_TASK OBJECTIVE_.
Each line in the data must be reproduced as written, except for any picture.

_DATA BELOW_.
----------------

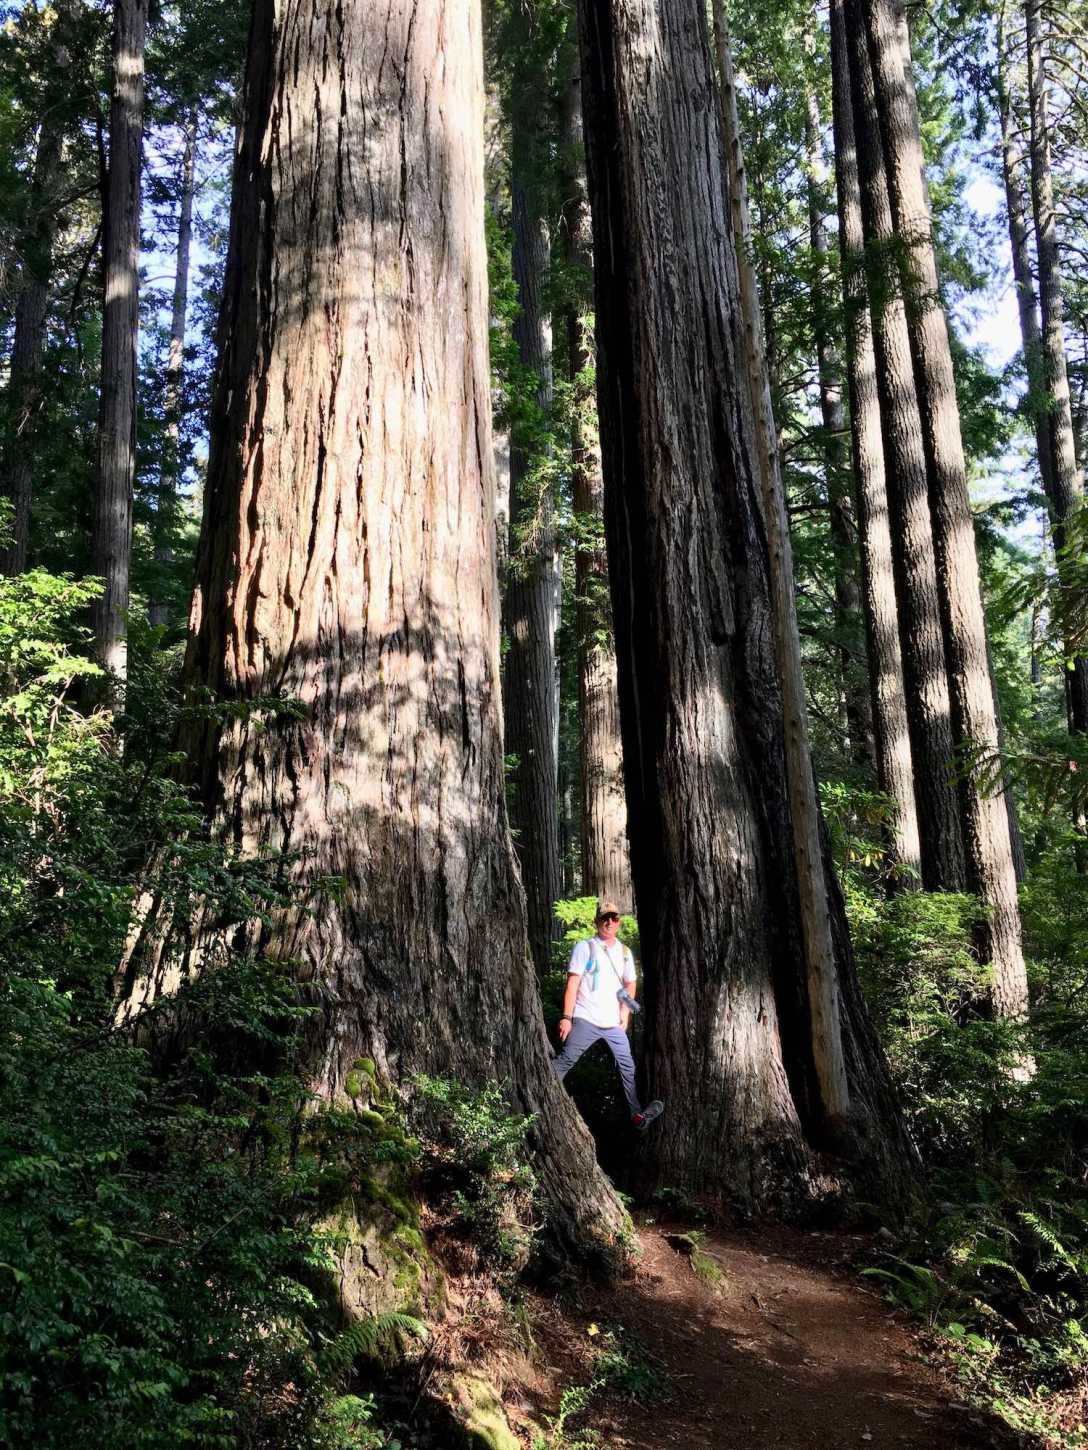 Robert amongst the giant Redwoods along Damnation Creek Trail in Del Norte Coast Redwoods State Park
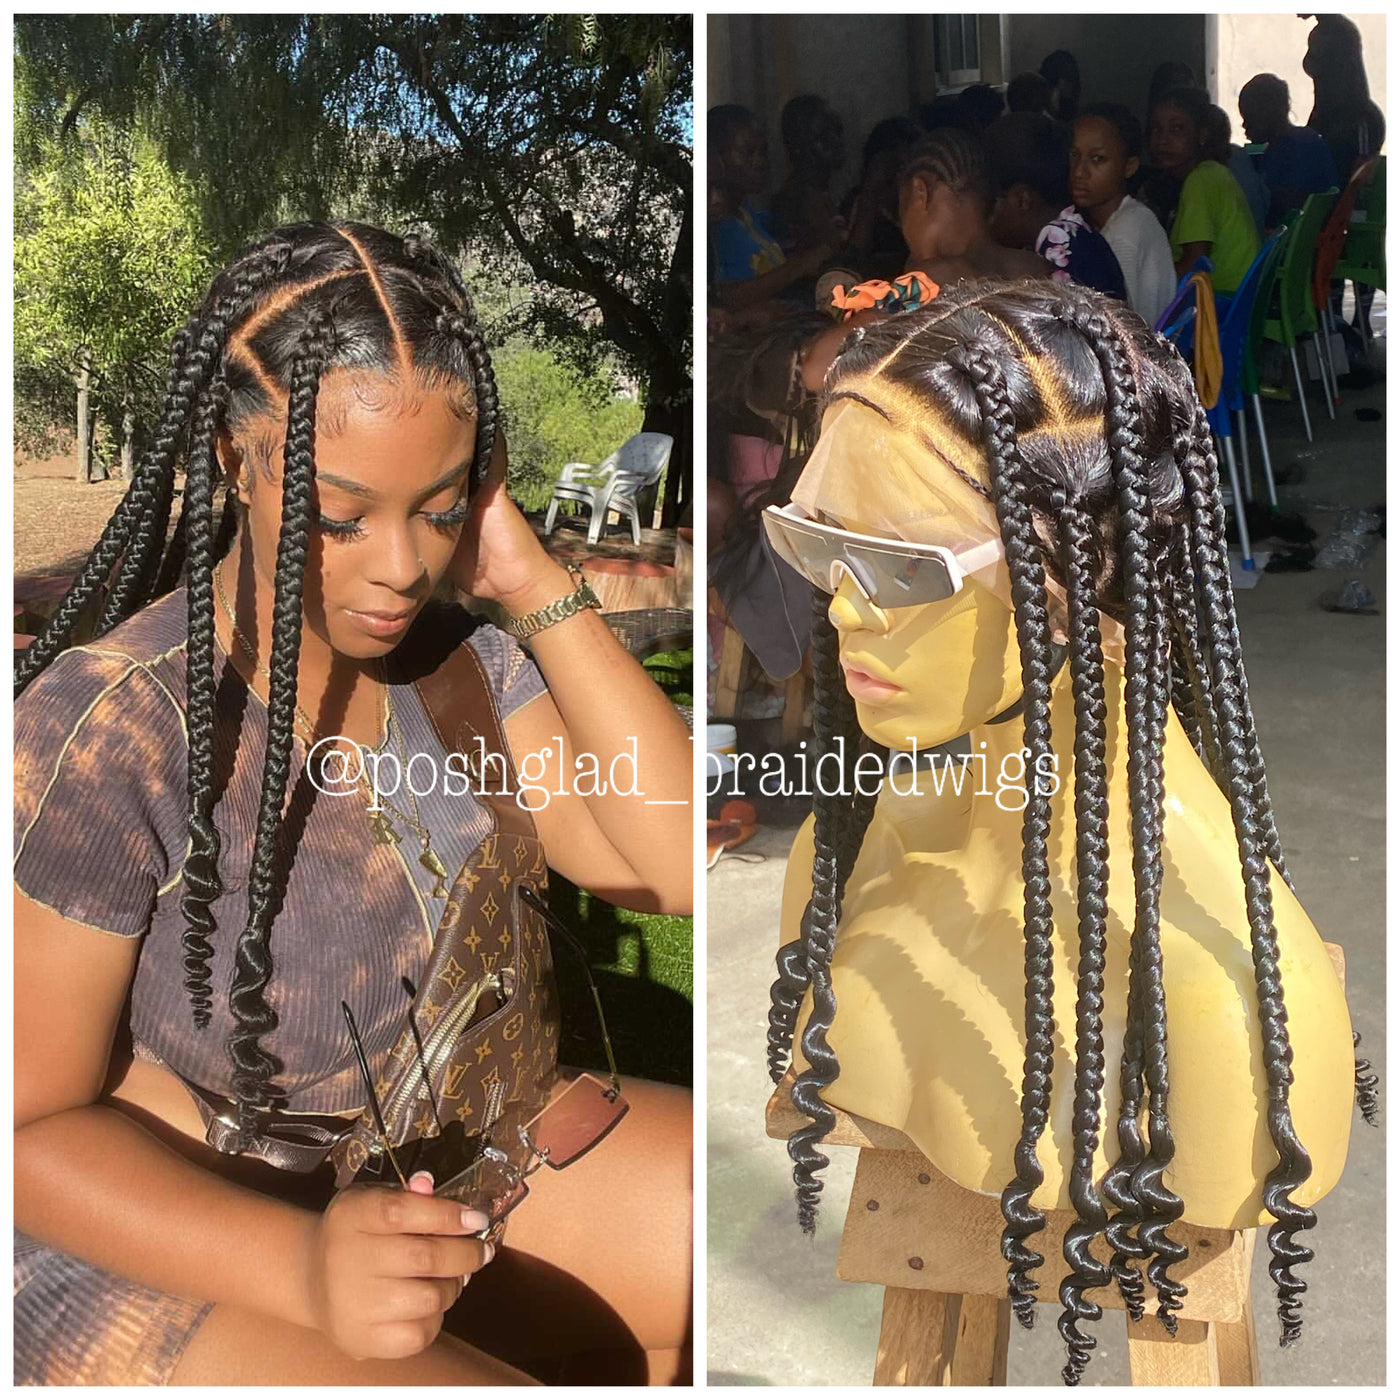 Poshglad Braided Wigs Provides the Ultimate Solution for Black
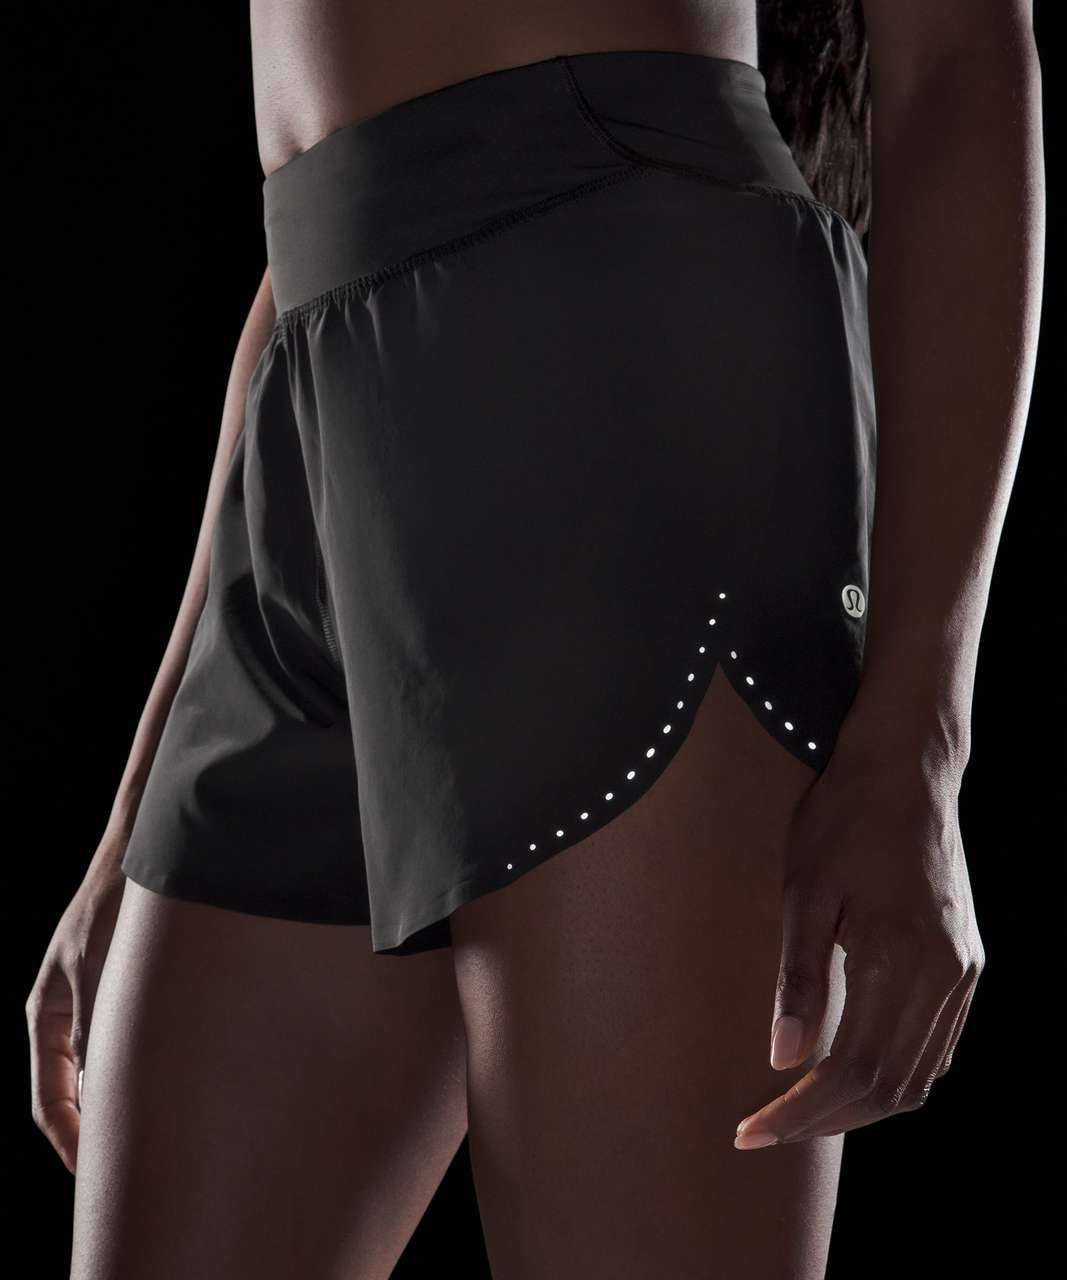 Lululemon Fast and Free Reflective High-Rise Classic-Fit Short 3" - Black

----------------

_RESPONSE_.
 Robert amongst the giant Redwoods along Damnation Creek Trail in Del Norte Coast Redwoods State Park
 Poshglad Braided Wigs Provides the Ultimate Solution for Black
 Lululemon Fast and Free Reflective High-Rise Classic-Fit Short 3" - Black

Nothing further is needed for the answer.